05 March 2014

North Liberty "Gateway to Potato Creek"

North Liberty's Downtown-the Yum Yum is on the right
One of the most recent listings to the National Register in Northern Indiana is one of the smallest downtowns to receive that recognition.  North Liberty's downtown, just a block long, was a lively place in its day.  The town is looking to the future by celebrating its past.  One place, the Yum Yum Shoppe, has become one of our favorite spots for pizza and ice cream...it's amazing how the car can find its way down lightly-traveled highways for ice cream.

North Liberty was platted in 1837 by Daniel and James Antrim.  It was surveyed by the St. Joseph County surveyor, T. W. Bray.  It is located at the conjunction of sections 28, 29, 32, and 33 in Liberty Township.  Liberty Township is recognized as one of the earliest settled townships of St. Joseph County.  During the 1850s, the land in the township began to be cleared for agricultural purposes.  Farming and lumber were the chief industries in the township by the 1880s.  A total of five sawmills were in operation by that time.


The first election in the township was held at James Antrim’s house in North Liberty in 1837.  The first house on a platted lot in the town was constructed in that same year by James Downey.  Four additional homes were built in the same year.  A gristmill was built in North Liberty in 1837 and a sawmill was constructed in 1839 by Hiram Bean and Alonzo Hill.  The first school was constructed in 1840 and in 1868 a high school building was constructed in North Liberty.  The first church was organized and constructed by the Methodists in North Liberty in 1851.  By 1880, there were three churches, the Methodist, Seventh Day Adventist, and Episcopal churches.  The town’s cemetery was established in 1842.  The Cole Brothers constructed a large planing mill and manufacturing facility in 1866.  The establishment burned in 1871, but was reincorporated in 1873 as the North Liberty Manufacturing Company which continued into the 20th century.  The company manufactured wagons and buggies.

By 1880, the population of North Liberty reached about 400 people.  At the end of the 19th century an extension of the Wabash Railroad and the arrival of the Chicago Belt Line Railroad, which was solely a freight line, assisted the general growth of the town and its industries.  North Liberty was incorporated as a town in 1894.  By 1903, the population had grown to 504 people.  Sidewalks were placed in the town in 1912 and in 1913 the community was preparing to be illuminated with electrical lights.


The county 4-H fair was first held in North Liberty in 1928; it was held in the downtown until about 1935 when it relocated to another location in St.

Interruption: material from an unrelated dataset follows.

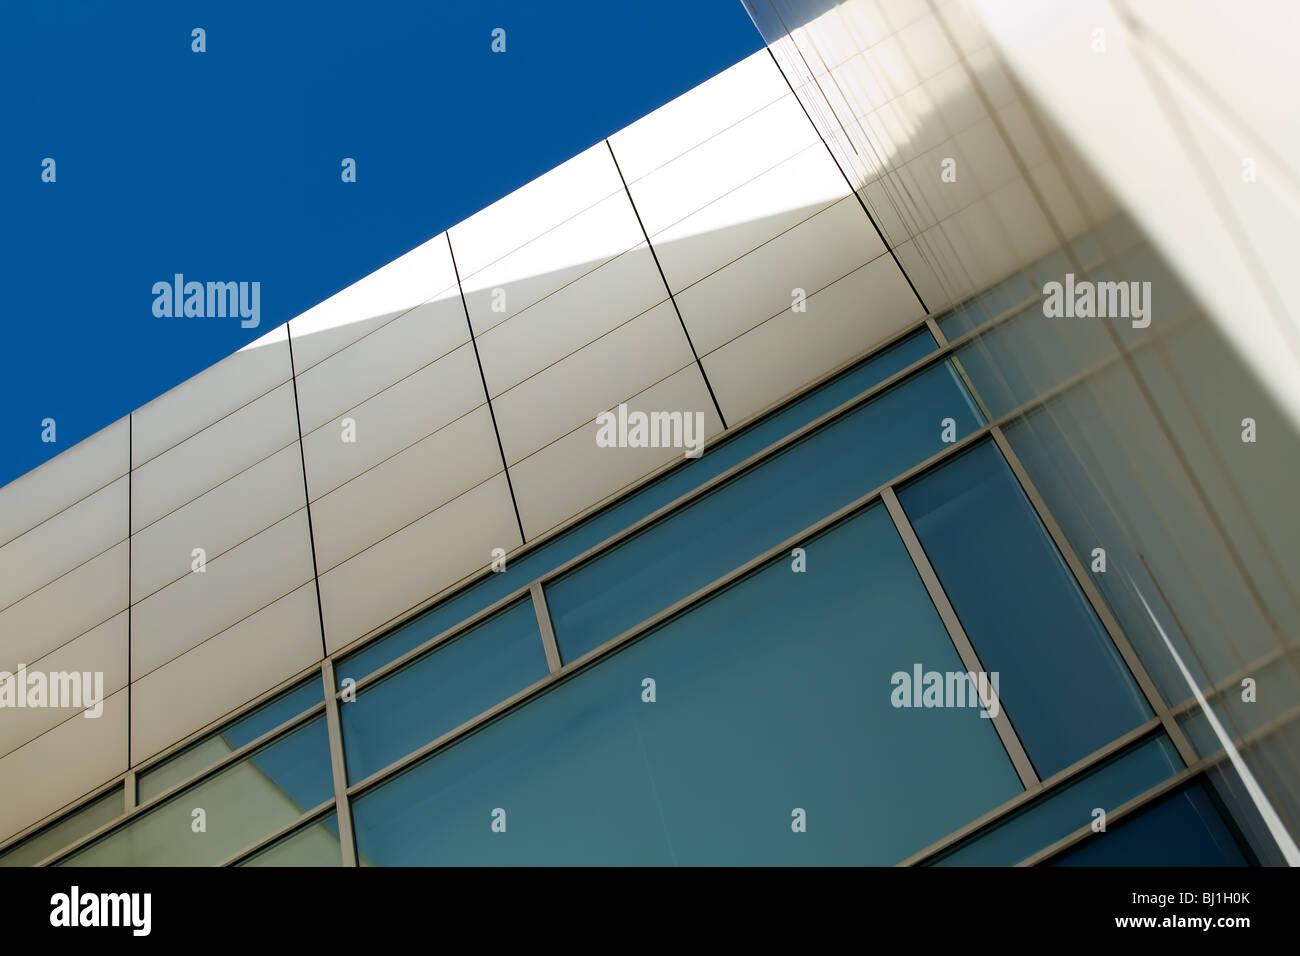 Barcelona Museum of Contemporary Art - MACBA - Stock Image

Joseph County.  After the arrival of the railroads and general conversion of land to agricultural production the town and township had slow measured growth during the remaining part of the 20th century.  North Liberty remained the only village in the township.  The town had a population of 977 people in 1940.  In 1960, the population had grown to 1,241 people.  By 1978, when Potato Creek State Park was established in the township, the population of North Liberty remained virtually unchanged at 1,250 people.